Monday, Jun. 11, 1923
Ivy Lee a-Visiting
Ivy L. Lee, of Manhattan, returned to the United States from a visit to several European capitals. He talked with Chancellor Cuno, Herr Hugo Stinnes and Benito Mussolini, Premier of Italy.
His impressions:
Of Cuno. The Cunos do not like dwelling in the Chancellery made famous by Bismarck, because there are not enough bathrooms. The Chancellor resembles Samuel Rea of the Pennsylvania Railway--a person of unpretentious manners and simple directness in approaching an issue. Herr Cuno says: "We are foolish to continue to pour our money into the unoccupied district to encourage resistance. But the French are foolish to be there, and so long as the French will be foolish, so must we be!"
Of Hugo Stinnes. Herr Stinnes is not difficult to approach. Mr. Lee spoke with him for two hours in one of his hotels which bore signs at the door, French and Belgians Will Not Be Accommodated.
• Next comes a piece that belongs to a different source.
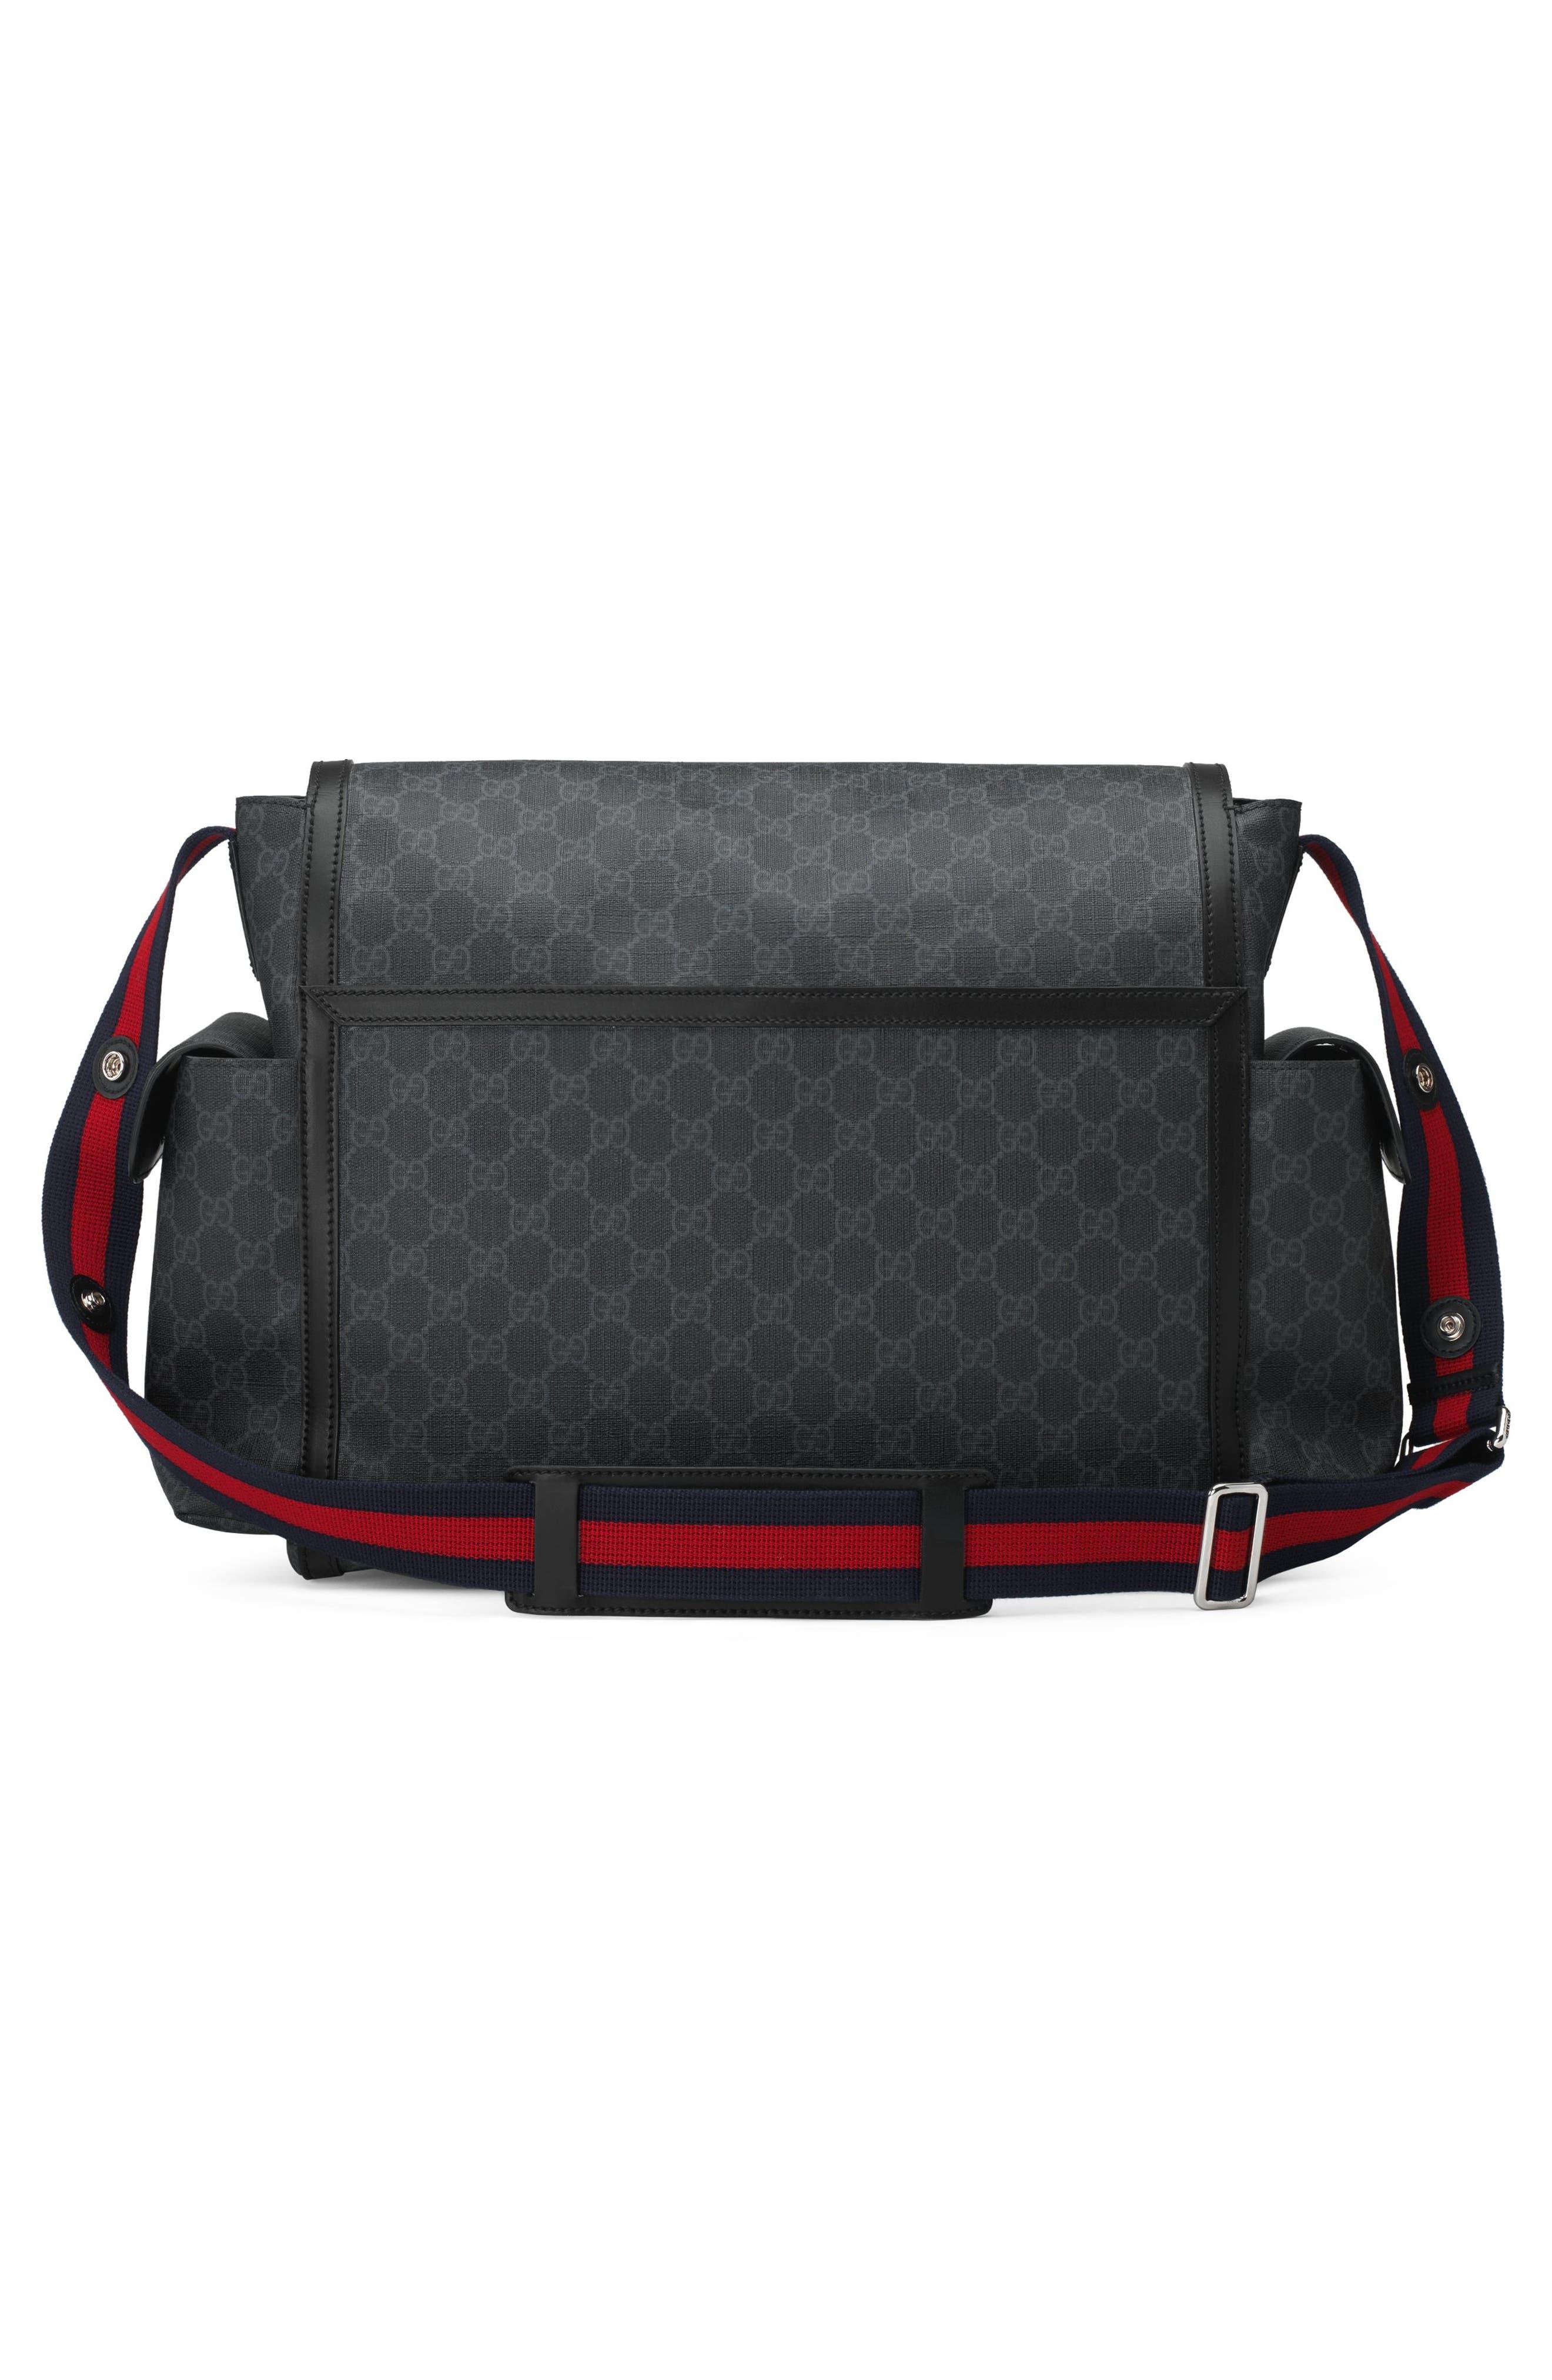 GG Supreme Canvas Diaper Bag,                             Alternate thumbnail 10, color,                             BLACK

Stinnes said that his workmen in the Ruhr continually urge him to allow them to rise up and throw the French neck and crop out of the country, but he always counsels nonresistance." Peaceful though the occupation of the Rhineland may look on paper, it is real war in the feeling it arouses in the people of the territory."
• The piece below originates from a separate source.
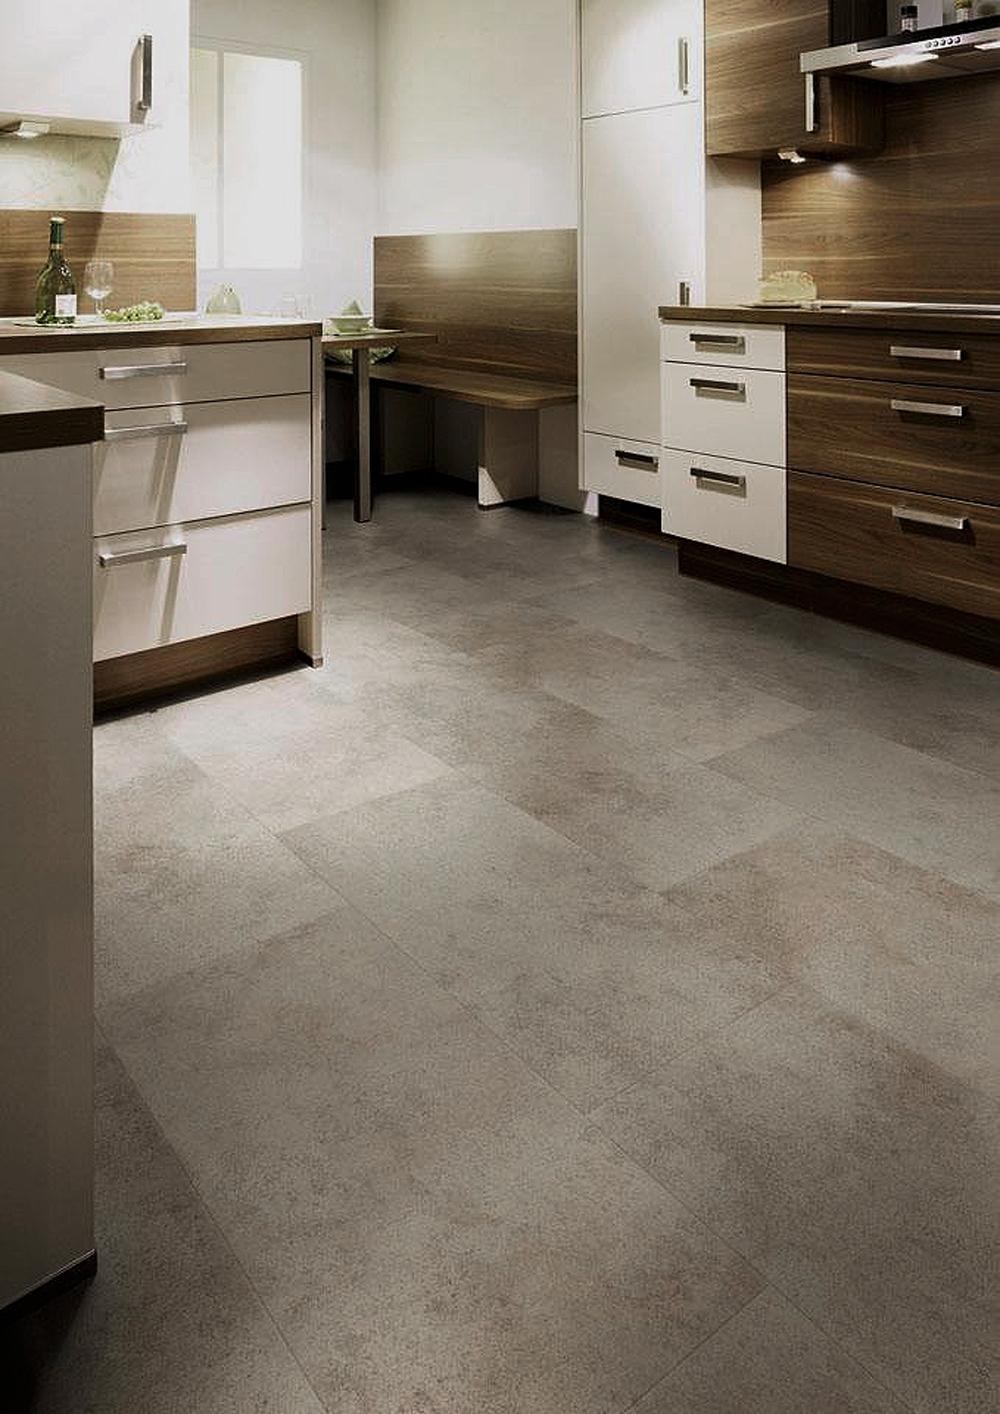 PVC vloer in betonlook in langwerpige tegels in de keuken.

Of Mussolini. Mr. Lee says Mussolini's rule is personal. When speaking with Americans he used an interpreter, but " so mobile is his face and so rapid its play of expression that the watching interviewer can get his meaning almost before the English words reach the ear." The Premier attended the recent session of the International Chamber of Commerce held in Rome. Cinema men prepared to take a picture of him. The great man frowned--the picture was not taken. Explaining his change from Socialism to Fascism, Mussolini said: "I looked at Russia and saw the logical outcome of what I once believed in. It was too much for me. I am now convinced that the order of society in which the individual is left to his own initiative to rise as high as he has it in him is the best system that can be devised."